Nigeria: Motorists Decry N25,000 Sanction On Faded Number Plate

Motorists have condemned the N25,000 sanctions on faded vehicle number plates and the high cost of renewing vehicle particulars by the government.

Some of those who spoke with the correspondent of News Agency of Nigeria (NAN) on Sunday in Abuja, described the action as a ploy to increase hardship on Nigerians.

They said a subtle increase in the cost of living without value-added readily inflicts more hardship on motorists and other end-users

NAN reports that the Spokesman, Federal Road Safety Corps (FRSC) Mr Bisi Kazeem, had recently claimed that the use of faded number plates had implication for national security.

NAN also reports that Kazeem said the mandate of the FRSC included making highways safe, designing and producing vehicle number plates and keeping custody of every information about vehicles in Nigeria.

He said that number plates faded because of using concentrated detergents in washing vehicles. In this case and other cases of theft, loss, and mutilation from crashes, replacement is at the cost of the vehicle owners.

Mr Peter Oguche, a banker with Polaris Bank, said that the issue of faded number plates was a big business for the FRSC personnel who now took it upon themselves to harass all non-government vehicles.

This, he said included mothers taking their children on school run, and detained travellers in the middle of nowhere on the highways.

“Everyone knows that criminals use vehicles with no number plates or covered plates, yet FRSC has quite unjustifiably set themselves up as prosecutor and judge in the matter.

“Considering the current state of the economy, it is outrageous to impose upon citizens a penalty of up to N25,000 for “faded” number plates which only they can determine.

“It has often been said that once a Nigerian is given a uniform, it affects their psyche and they generally carry on as if they are masters of the public rather than their servants.

“This is perhaps a fall-out from the years of military misadventure into governance where the imposition of authority and use of unquestionable force was the norm.

“These days the superficial thought processes and lack of conscience in those who govern Nigeria allow agencies to get away with extortion, ” he lamented.

Mr Olusegun Ojo, a business man, said that there was absolutely no justification for citizens having to bear the cost of the FRSC’s incompetence in the production of befitting quality number plates.

Ojo said that if any replacement was required, the onus should be on the agency that issued the low quality number plates in the first place.

He lamented that FRSC accepted no blame whatsoever but blamed the weather for damaging number plates as well as car wash attendants who they claim use abrasive materials!

“Perhaps the worst aspect of the matter is that to apply for a replacement, number plate car owners have to waste both time and money visiting an FRSC centre.

” This include obtaining an application form to which other documents need to be attached, pay another exorbitant fee, and wait for days to collect another inferior plate.

“If it is truly about national security then there is no logic behind fining individuals; defaulting drivers should be made to make payments for automatic replacements rather than first being fined.

“It indicates an overriding insensitivity to the plight of Nigerians,” he said.

Mr Hassan Saliu, a car dealer insisted that government should ask themselves what happened after a citizen bought a car and paid for driving licence, number plate, tinted glass permit, fire extinguisher, C-caution and road-worthiness.

Saliu said “are the roads themselves worthy?
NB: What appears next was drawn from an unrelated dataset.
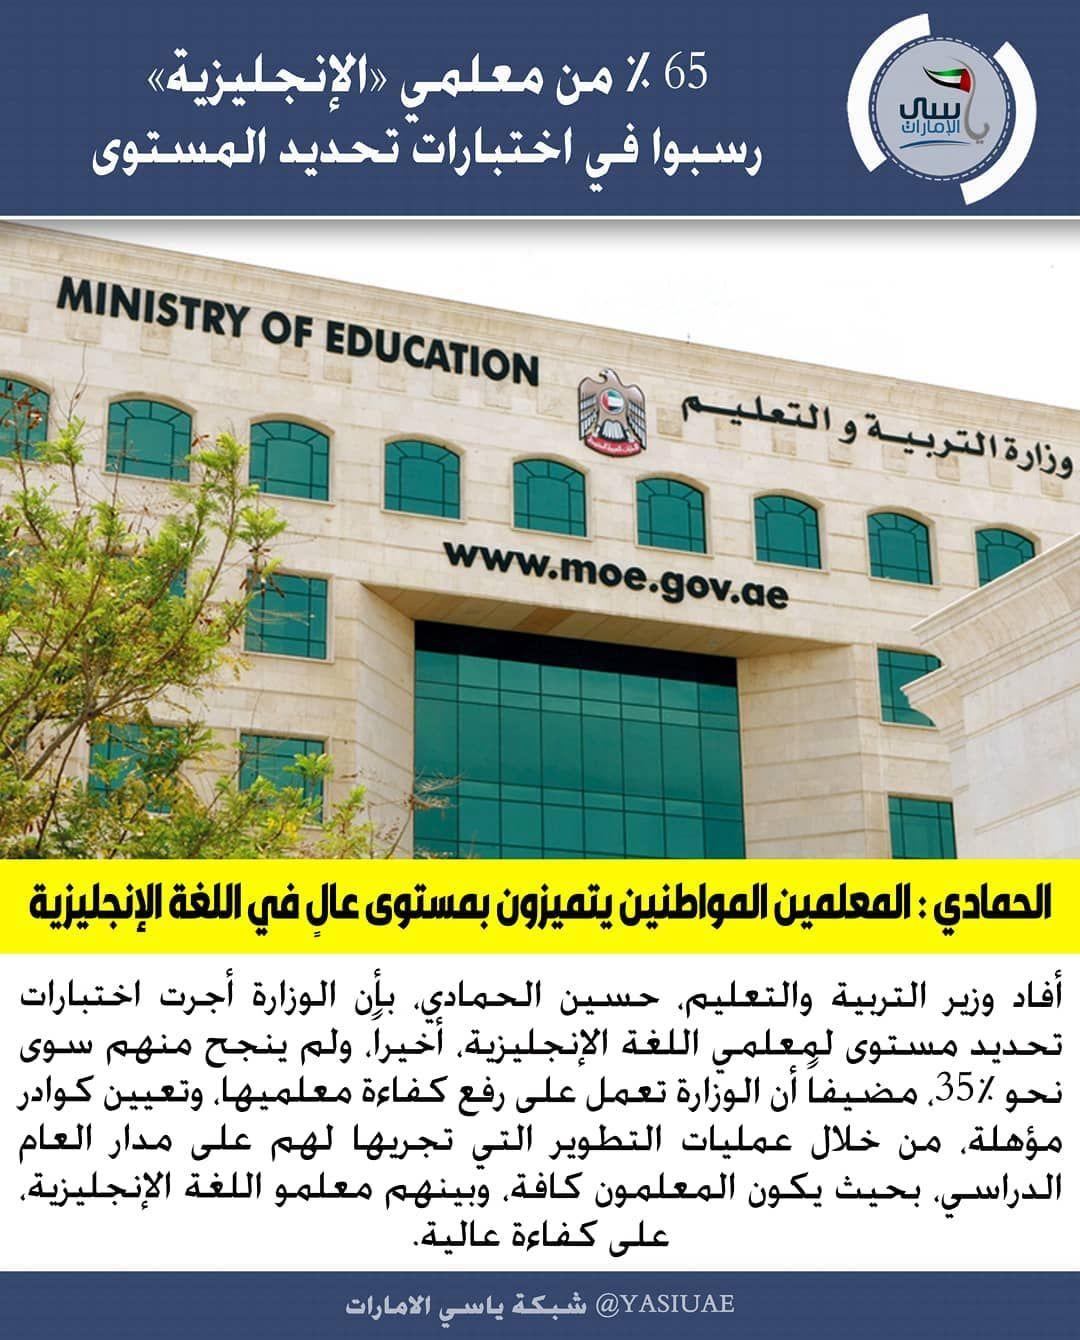 65 من معلمي الإنجليزية رسبوا في اختبارات تحديد المستوى ياسي الامارات شبكة ياسي الامارات الامارات ابوظبي Ministry Of Education Education Screenshots
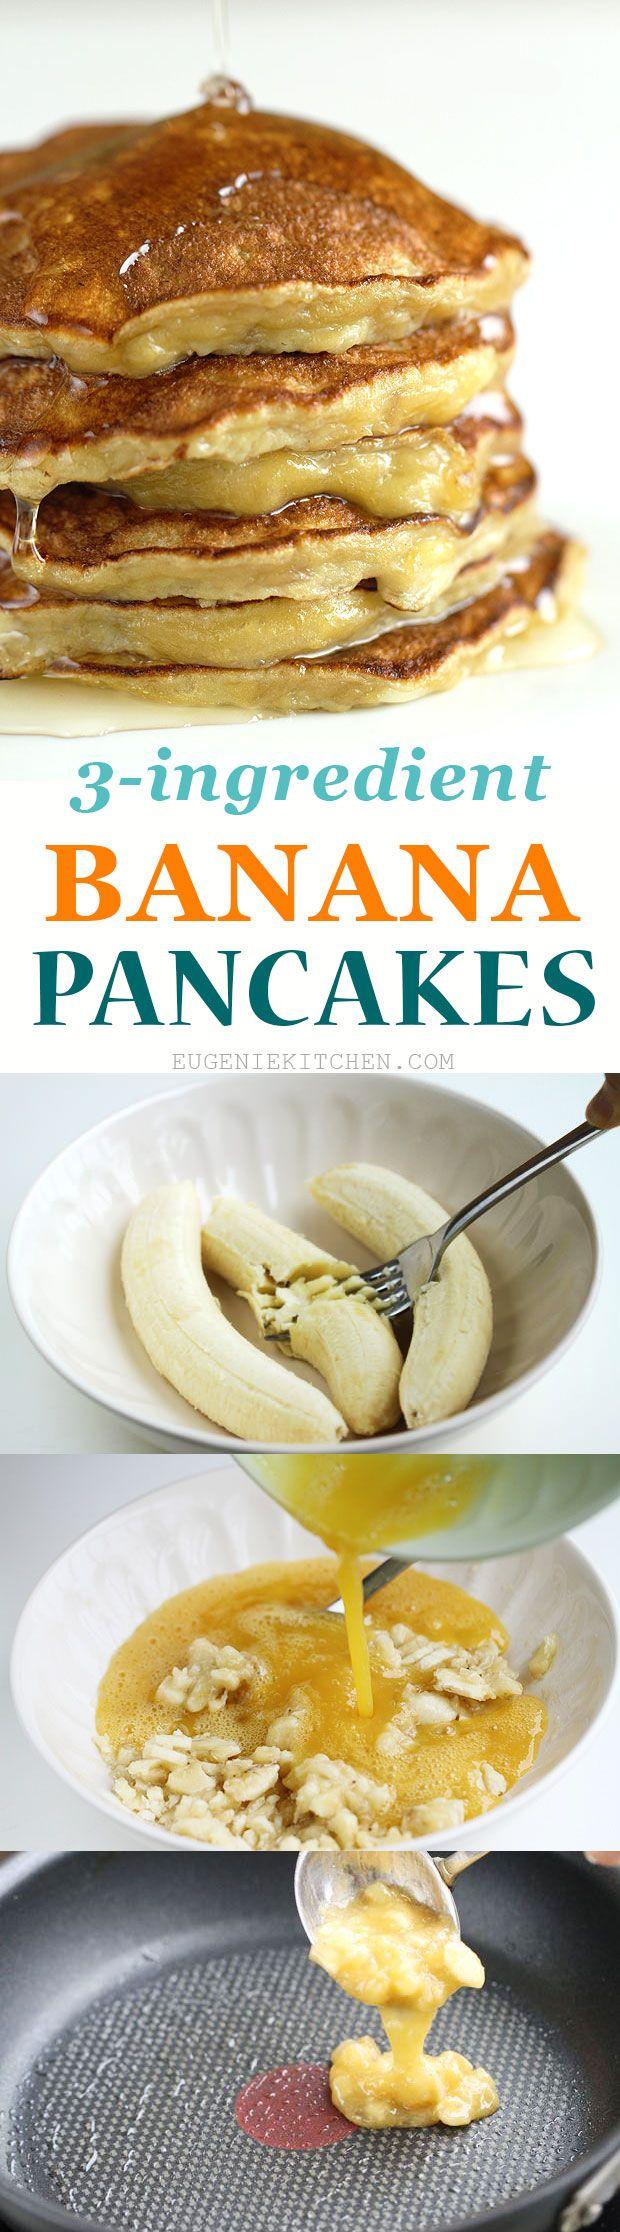 2 Bananen, 3 Eier, 1 Tasse Quark, (Haferflocken, Zimt, Kakao )

Fuel and diesel prices continuously increase, now gas is also high in price.”

He lamented that the FRSC simply wanted to make money from road users with nothing new to offer.

An Ibadan-based lawyer, Abraham Onu, in a telephone interview with the NAN correspondent, faulted the FRSC for abdicating its mandate and responsibility to Nigerians in pursuit of the revenue generating agencies’ role.

Onu maintained that FRSC was not established as a revenue generating agency, but to ensure safety on federal highways.

He said that the FRSC was not only enforcing indiscriminately its rules even on state roads in violation of the federal principle, but also elevating revenue generation above its core mandate.

According to him, Nigerians are already suffering from a high level of distress.

“To add to that distress by impounding their vehicles or confiscating their licenses and imposing a fine using faded number plates is against the principles of natural justice,” he said.